Women still are under-represented in some areas of medical research due in part to fewer women researchers and historical and default biases, so conditions such as mental illness and migraine which affect women more are underfunded.
And, in 2026, 60% of unpaid carers are still women, as are the majority of paid carers, (81%). Including these women in patient safety research is fundamental – they experience higher rates of stress, anxiety and isolation – and they need to be adequately recompensed and practically facilitated to enable their participation as 30% of them receive no Carer’s Allowance.
These factors highlight the need for all health research to include women meaningfully.

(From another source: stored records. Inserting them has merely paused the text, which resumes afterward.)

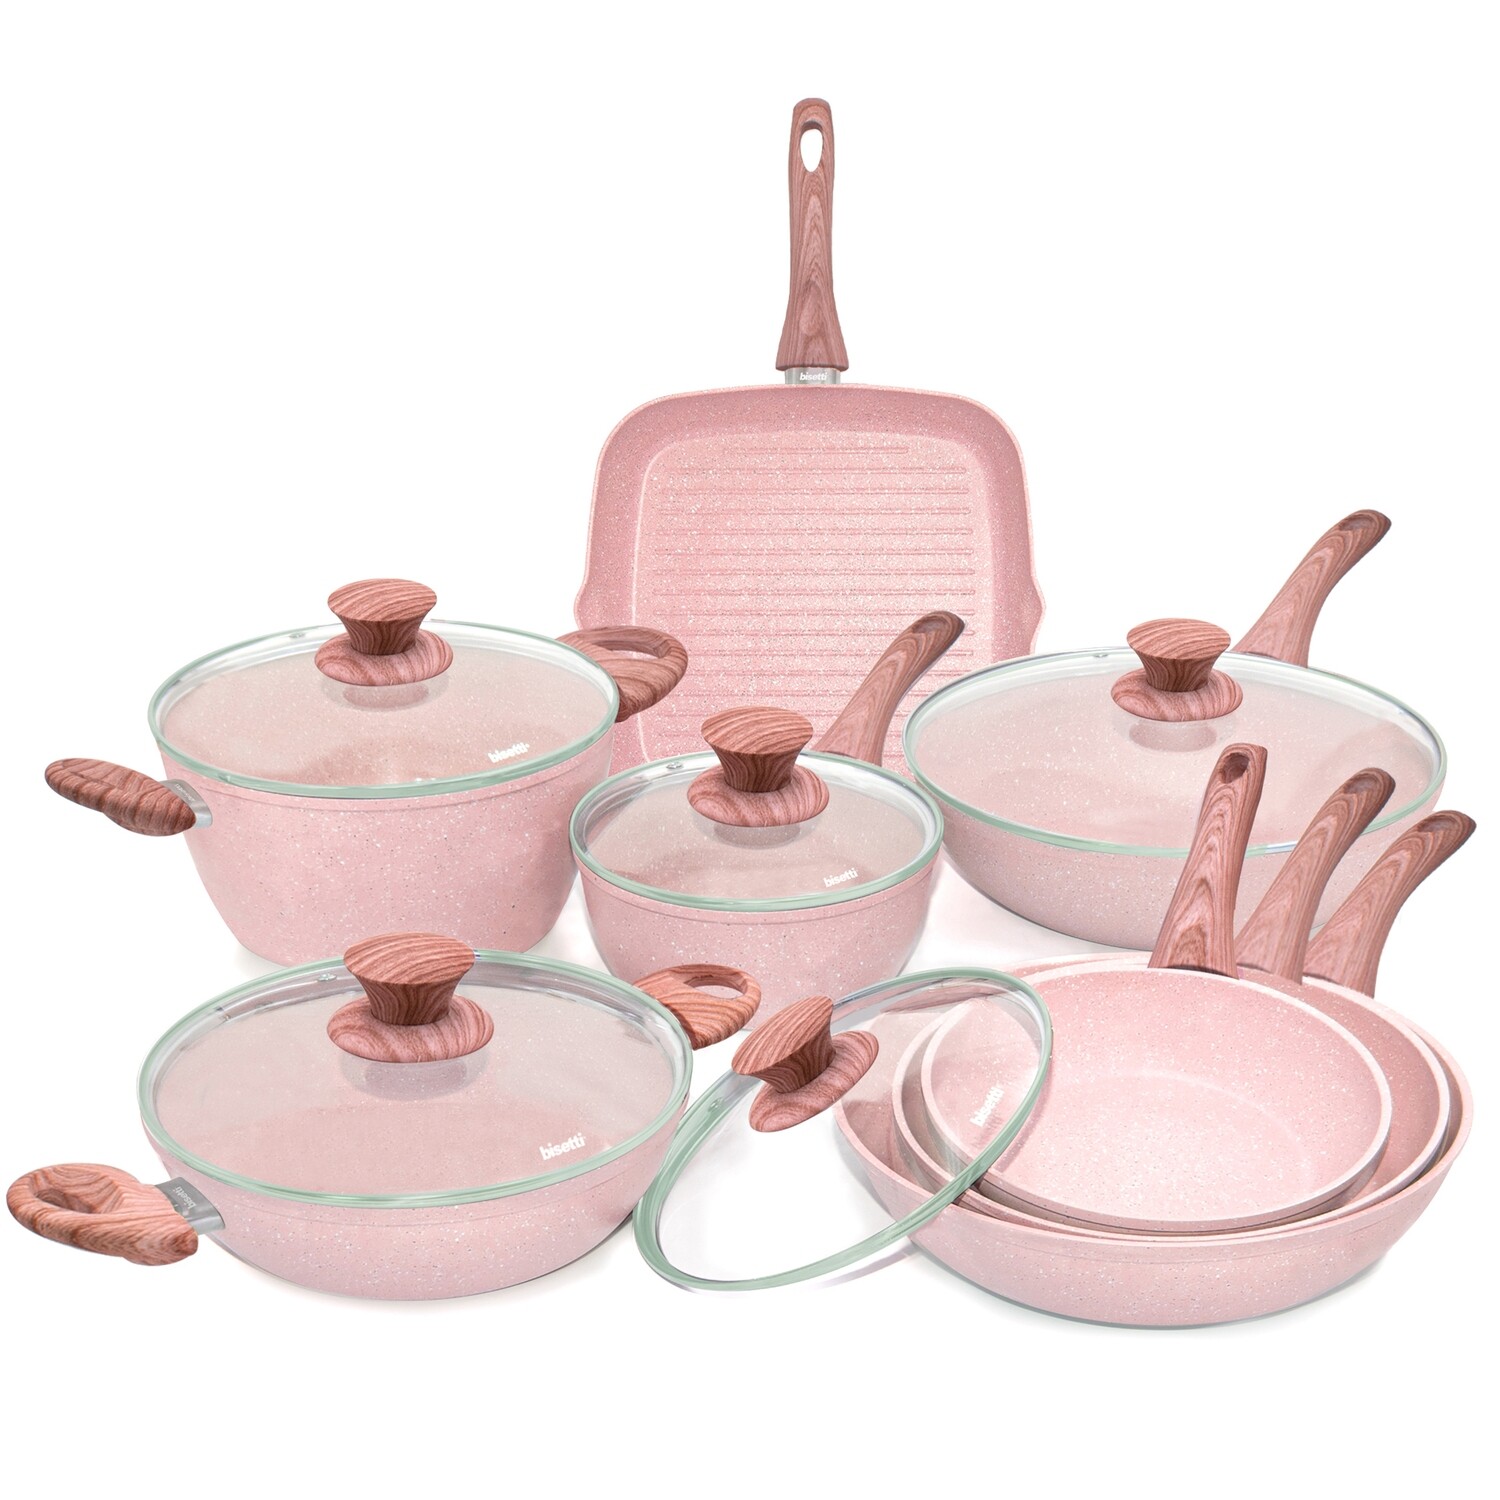 13 pieces cookware set 'Stonerose' pink wood colour handles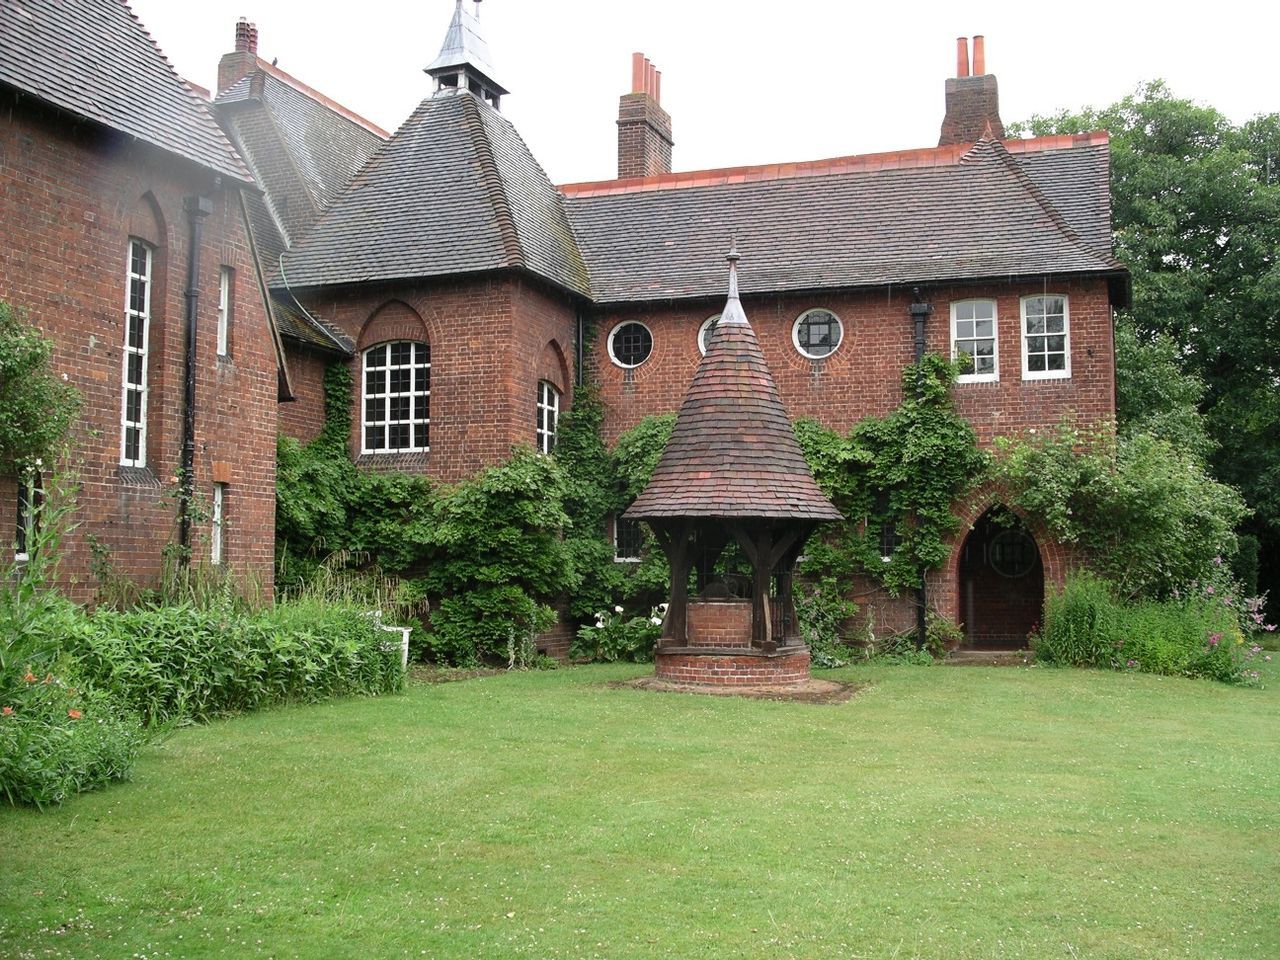 Philip Webb tarafından tasarlanan ve 1860’ta tamamlanan, Bexleyheath’teki William Morris’in Red House’u; Arts and Crafts hareketinin en önemli yapılarından biridir.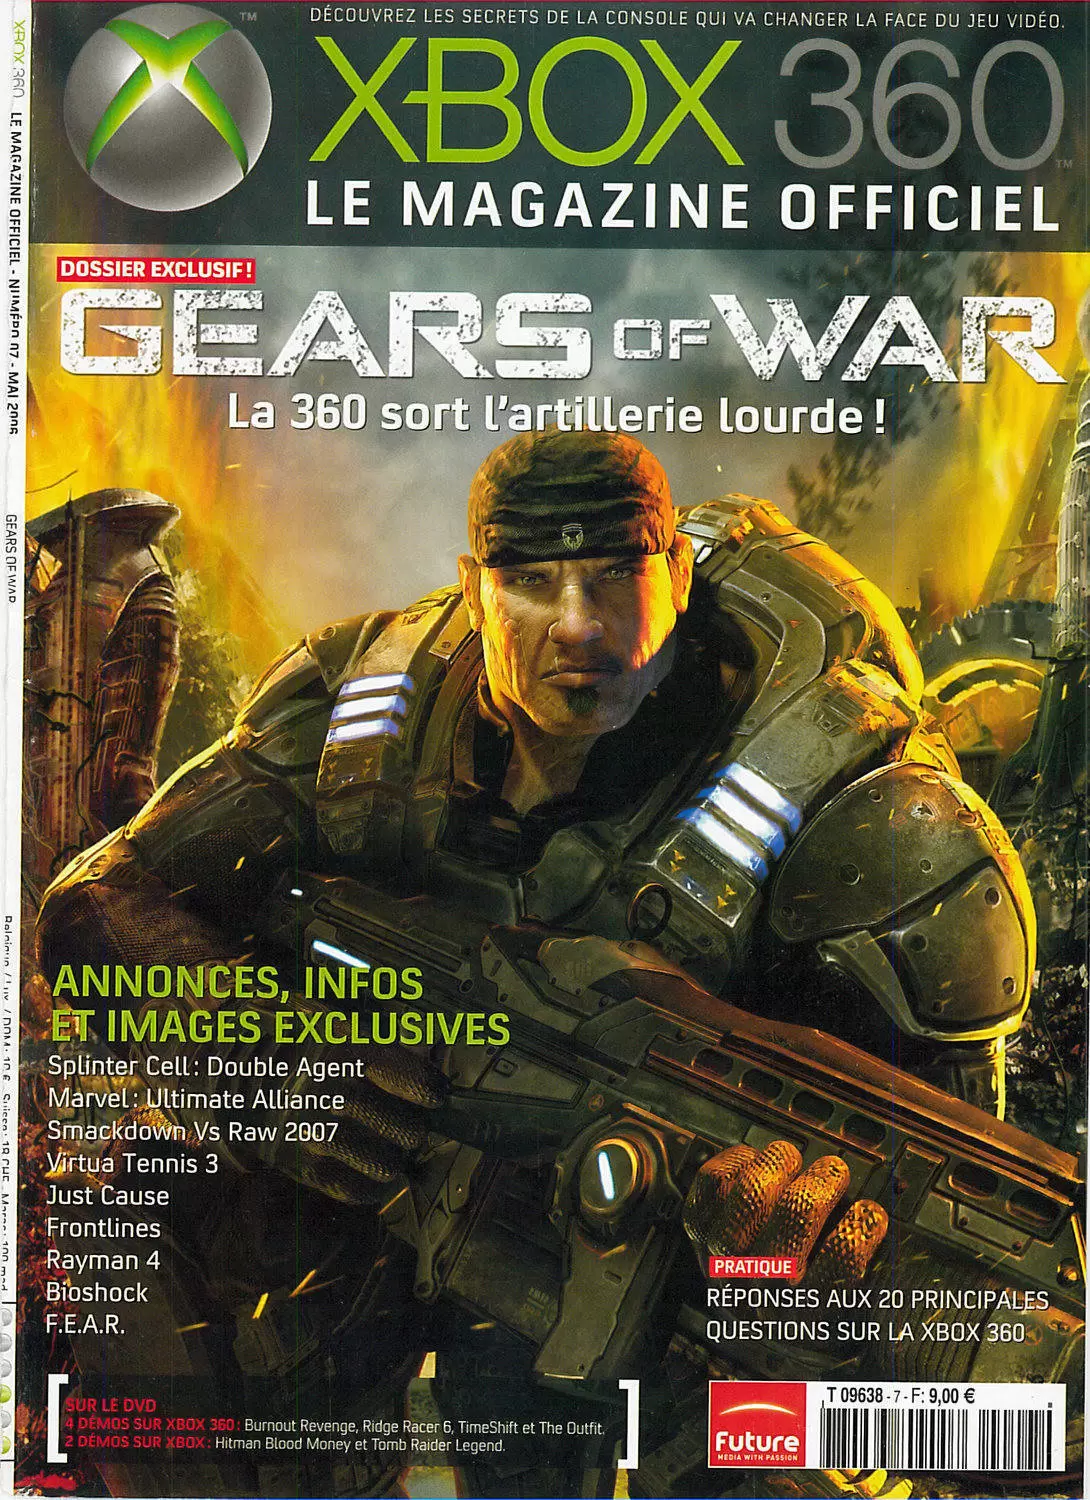 Xbox 360 : Le Magazine Officiel - Xbox 360 : Le Magazine Officiel n°7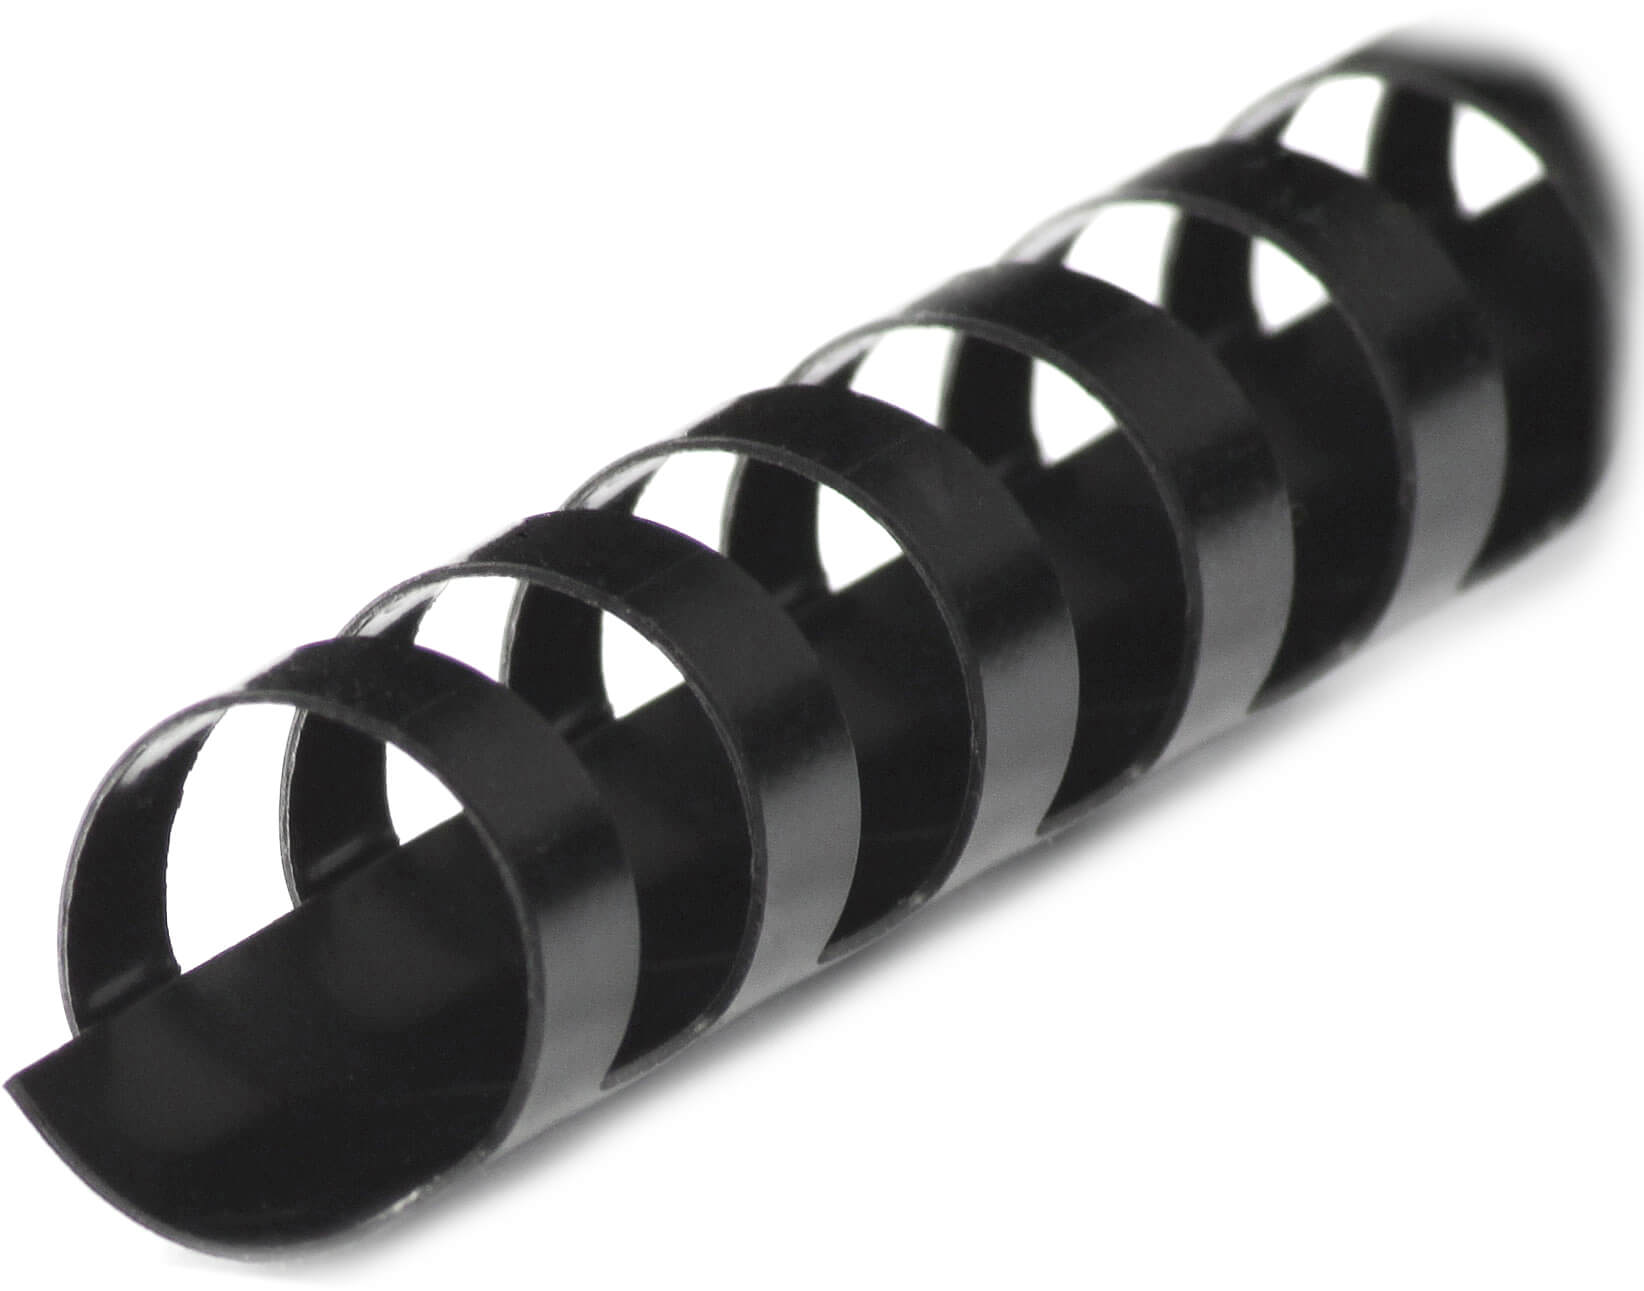 Plastikbinderücken 21 Ringe DIN A4 16mm in schwarz | Bestnr. BRP160-SW

Their lived experiences of systemic exclusion, bias and inequality can expose important, often hidden, aspects of patient safety realities –including those unquantifiable costs and traumas of life – abuses (women are significantly more likely to experience abuse than men1), everyday sexism (half of all women have experienced incidents1), economic inequalities (84%men work full-time but only 60% women2) and childcare and caring burdens3 which may last years.
I was reminded of Ann Oakley’s 1974 exposition of the gendered burden of unpaid domestic and emotional labour borne by women and, despite some significant societal shifts in the subsequent 50 years, I frequently hear women’s stories which show they still carry that weight. Their voices must be heard in research.
- https://www.ons.gov.uk/peoplepopulationandcommunity/crimeandjustice/bulletins/domesticabuseinenglandandwalesoverview/november2025#headline-statistics-on-domestic-abuse
- https://www.ons.gov.uk/employmentandlabourmarket/peopleinwork/earningsandworkinghours/bulletins/genderpaygapintheuk/2025#main-points
- SeedatS, Rondon M. Women’s wellbeing and the burden of unpaid work BMJ2021;374:n1972 doi:10.1136/bmj.n1972 available online at: https://www.bmj.com/content/374/bmj.n1972
The views expressed are those of the author(s) and not necessarily those of the NIHR or the Department of Health and Social Care.